Belajar Bersyukur

 Ada masa dalam hidupku ketika aku sering melihat pencapaian orang lain dan bertanya, “Kapan aku bisa seperti mereka?” Saat itu, aku belum benar-benar memahami bahwa setiap orang punya lintasan hidupnya masing-masing. Aku hanya fokus pada hasil akhir, bukan proses di baliknya.

Titik balik itu datang dari berbagai peristiwa kecil yang ternyata saling berkaitan.
Aku pernah merasakan kehilangan, kegagalan, bahkan rasa malu karena pilihan yang kuambil tidak sesuai ekspektasi orang. Tapi justru dari situ aku belajar bahwa hidup bukan lomba kecepatan, melainkan perjalanan yang setiap orang punya jalannya sendiri.
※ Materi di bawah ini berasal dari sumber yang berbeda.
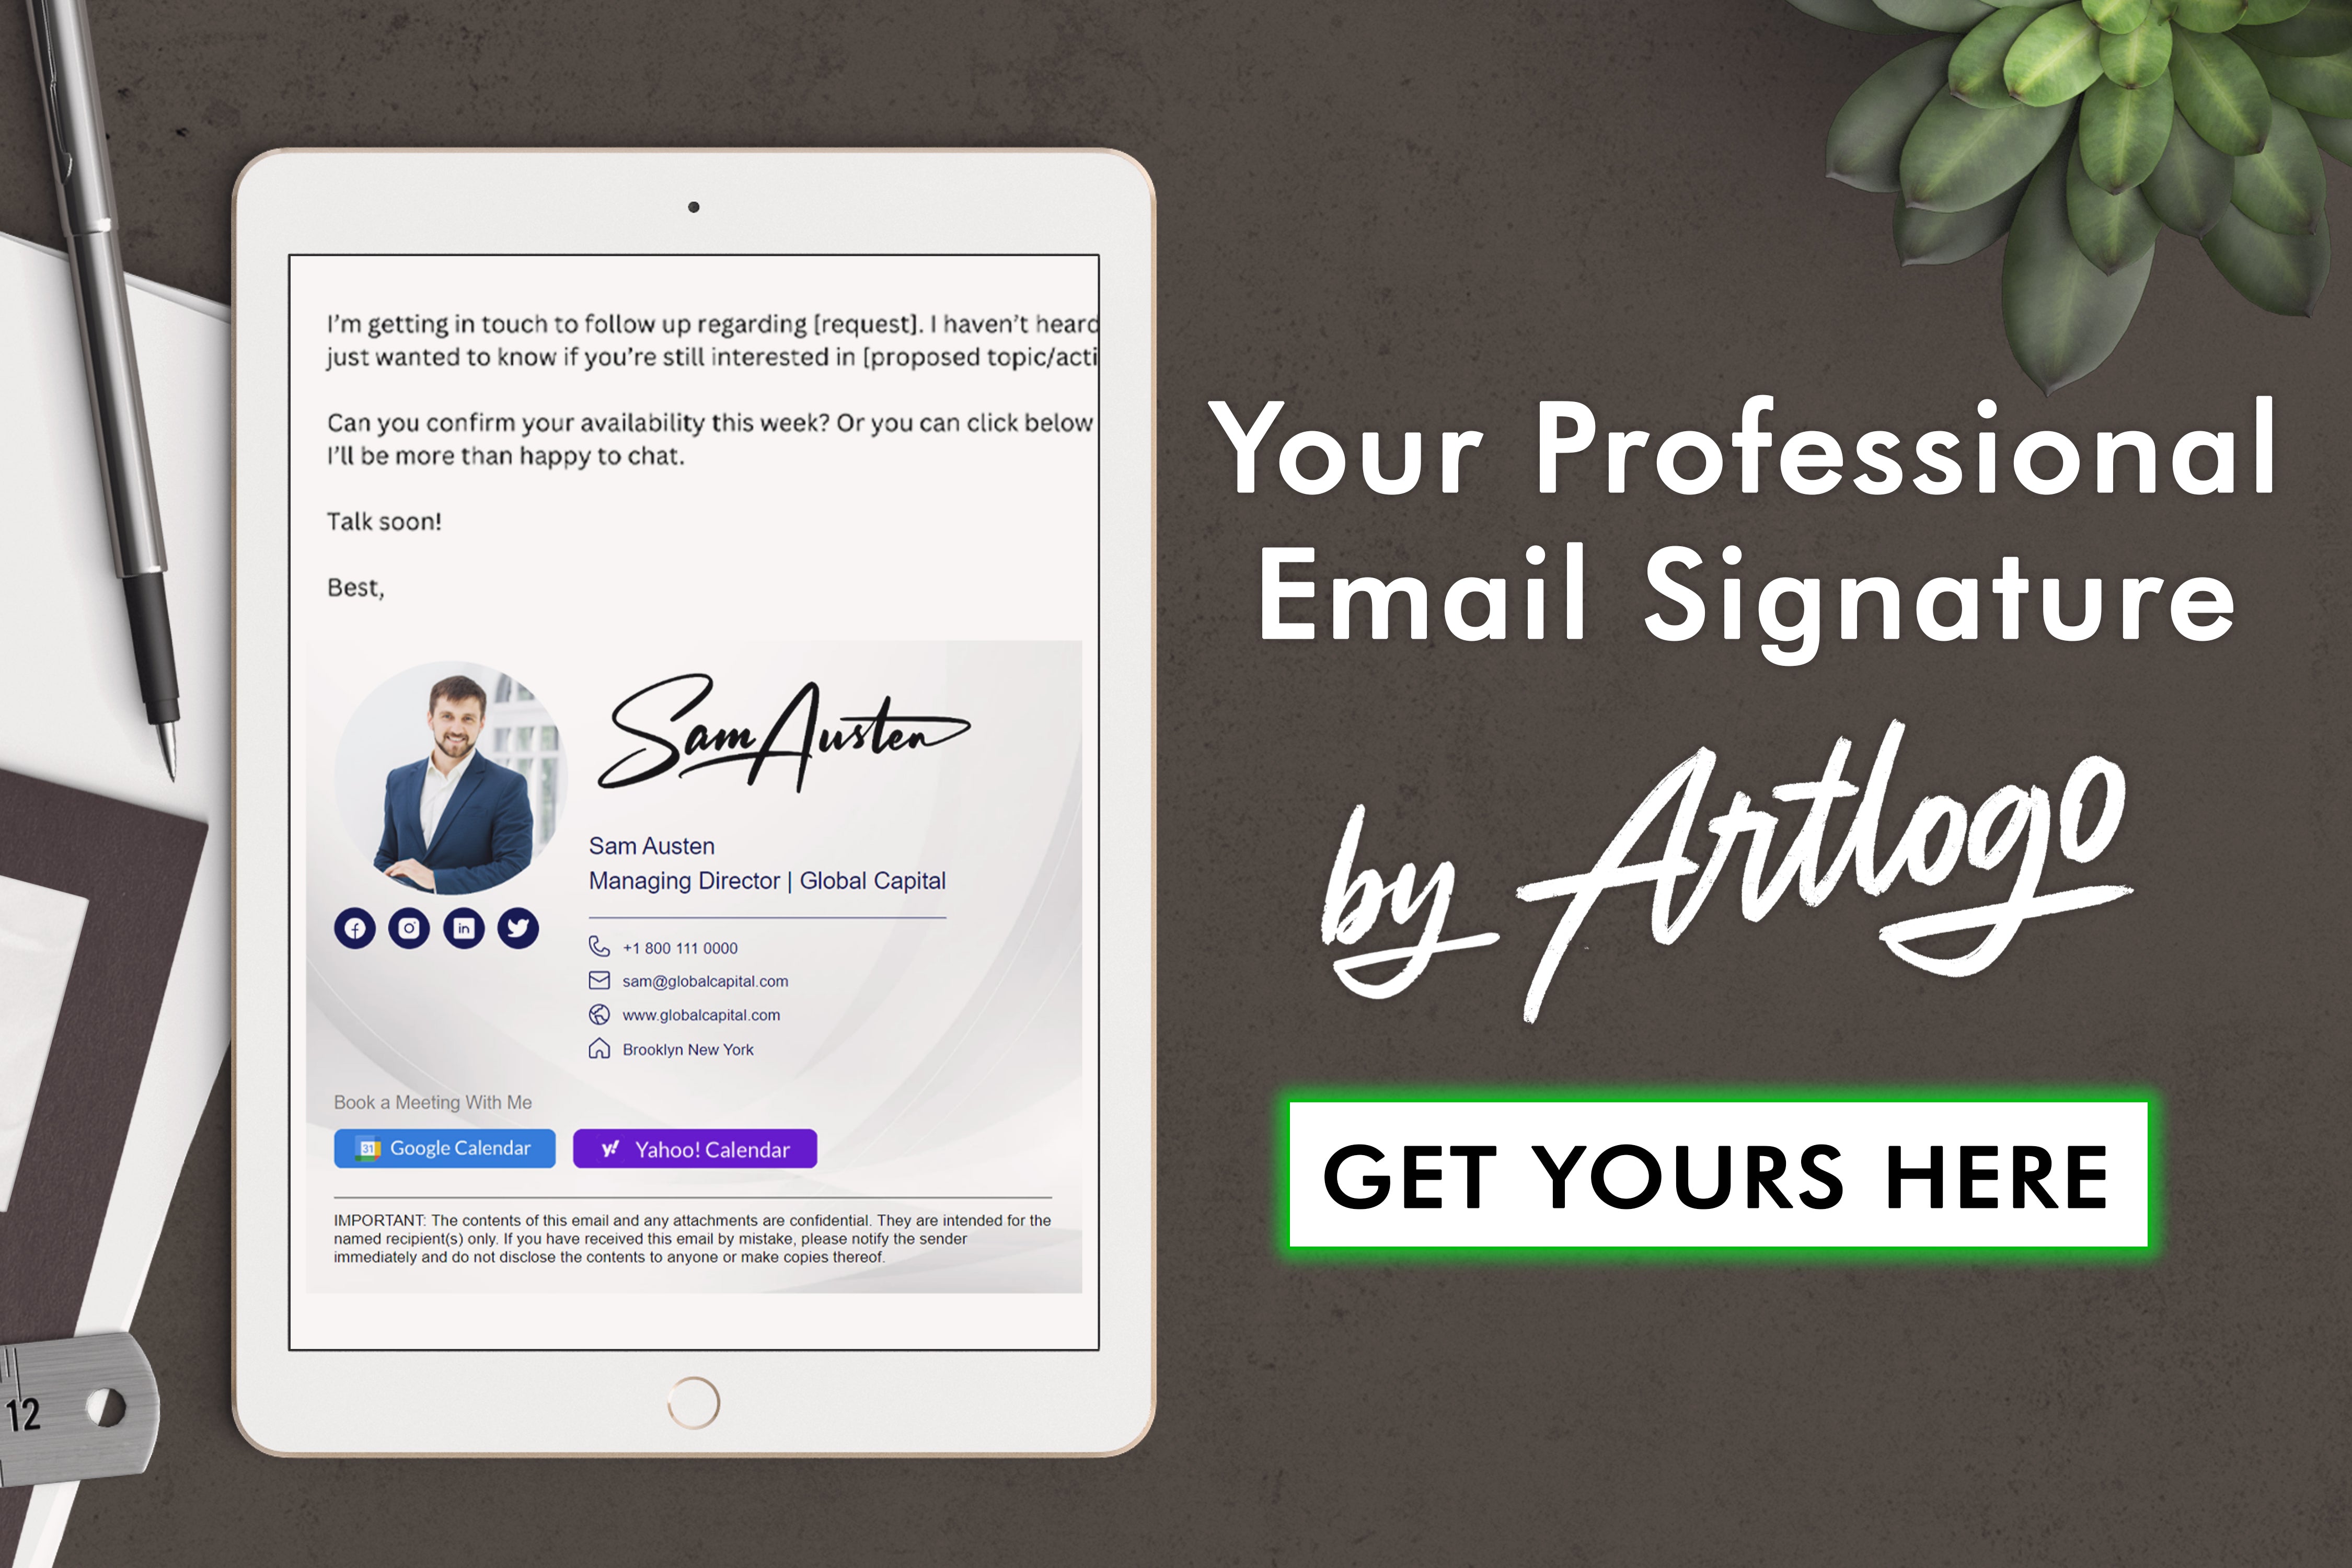 Tauchen Sie ein in die Welt der E-Mail-Signaturen und lernen Sie, wie Sie eine einzigartige und professionelle Signatur erstellen, die Sie im digitalen Raum auszeichnet.

Pekerjaanku sebagai dosen dan dokter juga menjadi guru yang tak kasat mata. Aku melihat pasien dengan kondisi berat, mahasiswa yang berjuang melawan keterbatasan, rekan kerja yang diam-diam memikul beban hidupnya. Semua itu membuatku sadar: apa yang kupunya hari ini adalah nikmat yang sering terlewat disyukuri.

Belum lagi pengalaman di bidang akademik — saat aku harus menunda rencana S3 karena amanah di kampus, atau ketika penelitianku ditolak sebelum akhirnya diterima hibah DIKTI. Semua proses itu mengajarkan bahwa rezeki selalu datang di waktu yang tepat, bukan saat aku memaksakan kehendak.

Sejak itu, aku jarang membandingkan diri dengan orang lain. Karena aku paham, setiap orang punya ujian dan berkah yang berbeda. Membandingkan hanya akan membuat kita lupa bersyukur. Yang bisa kulakukan adalah menjalani peranku sebaik mungkin, memelihara mimpi, dan percaya bahwa Allah menulis cerita hidupku dengan skenario terbaik untukku.